CYCLE 54
1.
2. CATHOLIC NONCONFORMISM. Although the voluminous Volume of nonconformism tends towards the spaced Space of
transcendentalism, as from the religious Left to the religious Extreme Left, or
the Son to the Holy Spirit, it should not be inferred that this implies a
special predilection on the part of Protestantism towards
transcendentalism. On the contrary, it
is the nonconformism (prayer) of Catholicism which is
most orientated towards the heavenly Beyond and the possibility, in
consequence, of an extreme left-wing religious alternative to
Christianity. For, despite its
indubitably populist conservatism, Catholicism still opens out, through
prayerful nonconformism, towards a properly spiritual
salvation in the heavenly Beyond, turning its back, in the process, on the
massive-Mass-to-repetitive-Time attraction which leads from the Mother to the
Father in due fundamentalist fashion, the heart duly eclipsing the womb.
3. PROTESTANT NONCONFORMISM. Only an anti-Catholic reductionist
of overly Protestant tendency would seek to reduce Catholicism to a Mass/Time
fatality on the basis of its 'Heathen' populism, overlooking the Volume/Space
relationship which characterizes its properly Christian dimension, a dimension
as nonconformist/transcendentalist as the popular dimension 'lower down' is humanist/fundamentalist. No, such populism does not exclude the truly
Christian alternative but, rather, extends Christianity to the masses, both
male and, especially, female, who would otherwise be overlooked and scorned ...
as, unfortunately, tends to the case with Protestant nonconformism,
particularly in its overly masculine or purgatorial manifestations, as in
Puritanism and Presbyterianism. However
that may be, it is more damaging to exclude the masses from religion than to
embrace them on a 'pseudo-Christian' basis via Mass and Time; for Christianity
is not intended to be a specifically middle-class religion. Yet the 'nonconformism'
of Protestantism does not lead 'over the moon', in a Saturn-oriented bias for
transcendentalist Space but, on the contrary, either remains loyal to the
intellect per
se, as in the strictly voluminous case of Puritanism (the Son), with its
epistolary New-Testament bias towards writing, or 'bovaryizes'
the intellect towards Time, as in the case of the rather more patriarchal Presbyterianism
... with its poetical Old-Testament bias towards reading, or, alternatively,
towards Mass, as in the case of Anglicanism ... with its dramatic bias towards
speaking, so that quasi-emotional (the Father) and quasi-sensual (the Mother)

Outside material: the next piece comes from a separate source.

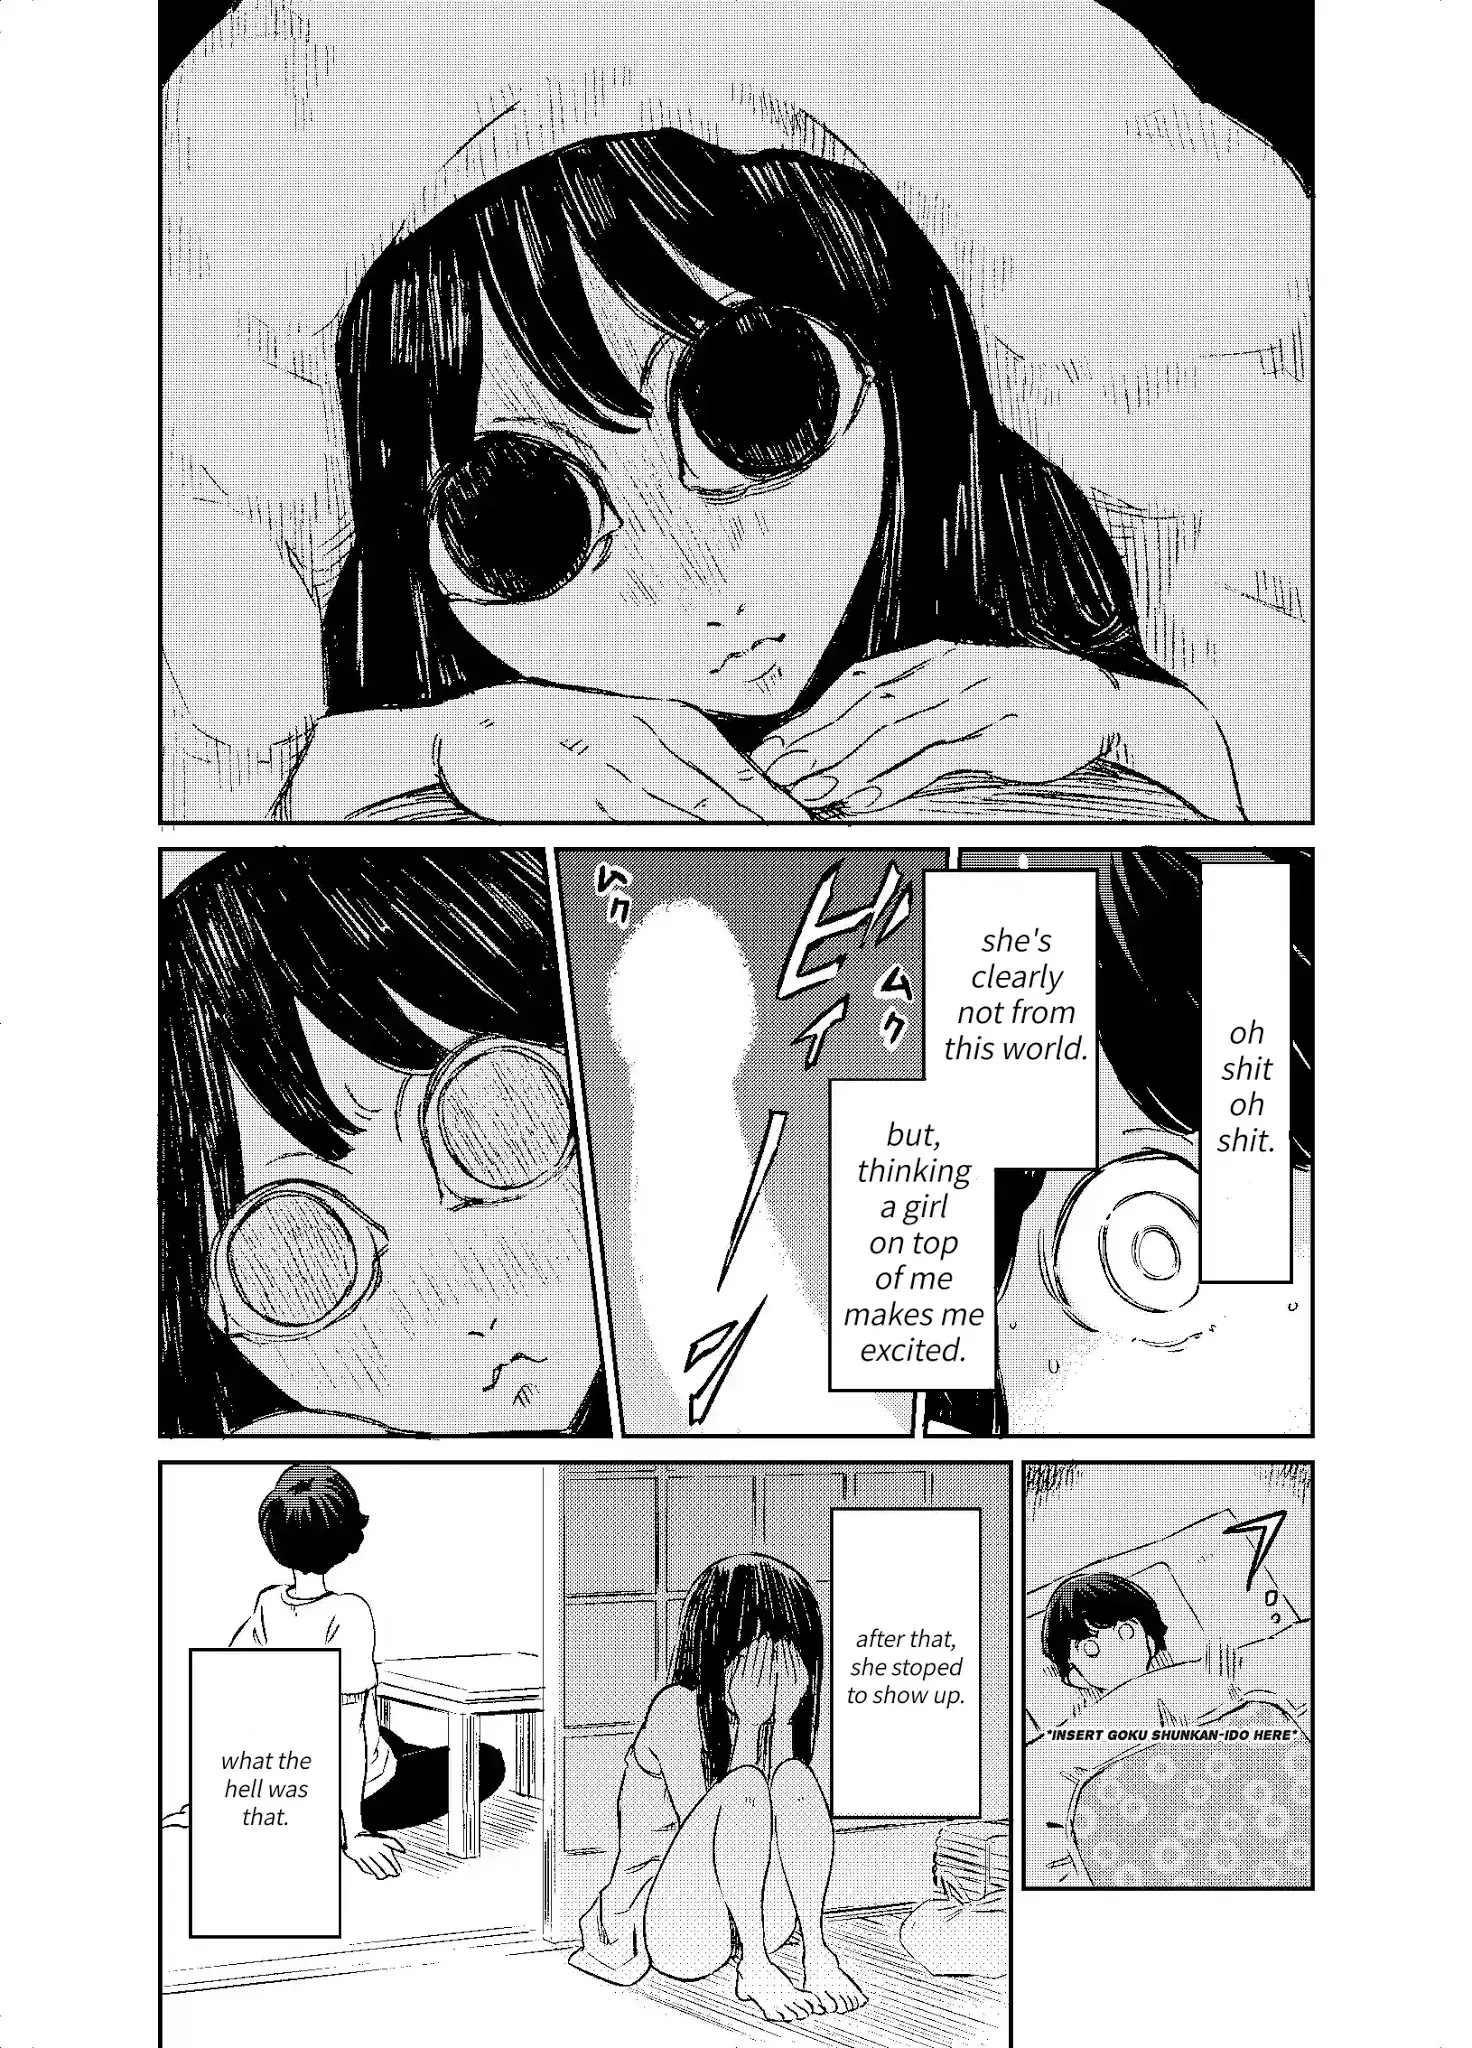 My Roommate Isn't From This World - 1 page 2

modes of intellectual devotion tend to be the prevailing norms, and things
either remain at an overworldly/netherworldly remove
from the possibility of spiritual salvation or, worse again, 'bog down' in the
World, where they tend to glorify what is Heathen to the detriment of all that
is Christian, the dramatic taking precedence, through the Mother, over the
poetic and the epistolary, as in the strictly Anglican mode of nonconformism. Only
the quasi-spiritual 'bovaryization' of the intellect
through prayer actually leads the mind towards spaced Space, and this tends to
be the mode of nonconformism one would most readily
associate with Catholicism, which is arguably more mindful of the Beyond than
its superficially more nonconformist detractors would allow!
4. UNIVERSALITY OF ETERNAL LIFE. Yet, that said, there is still a significant
distinction between the 'spirituality' of the grave and the spirituality, or,
rather, universality, of Eternal Life ... the other side of Christendom, as
espoused by me with regard to 'Kingdom Come'.
This latter is not so much beyond prayer/contemplation in the cerebral
afterlife of the grave ... as antithetical to emotionality in the meditative
calm of pure transcendentalism, which is as religiously extreme left wing as it
is possible to be, the joyful liberation of the noumenally
saved spirit in the holiness of universal Heaven.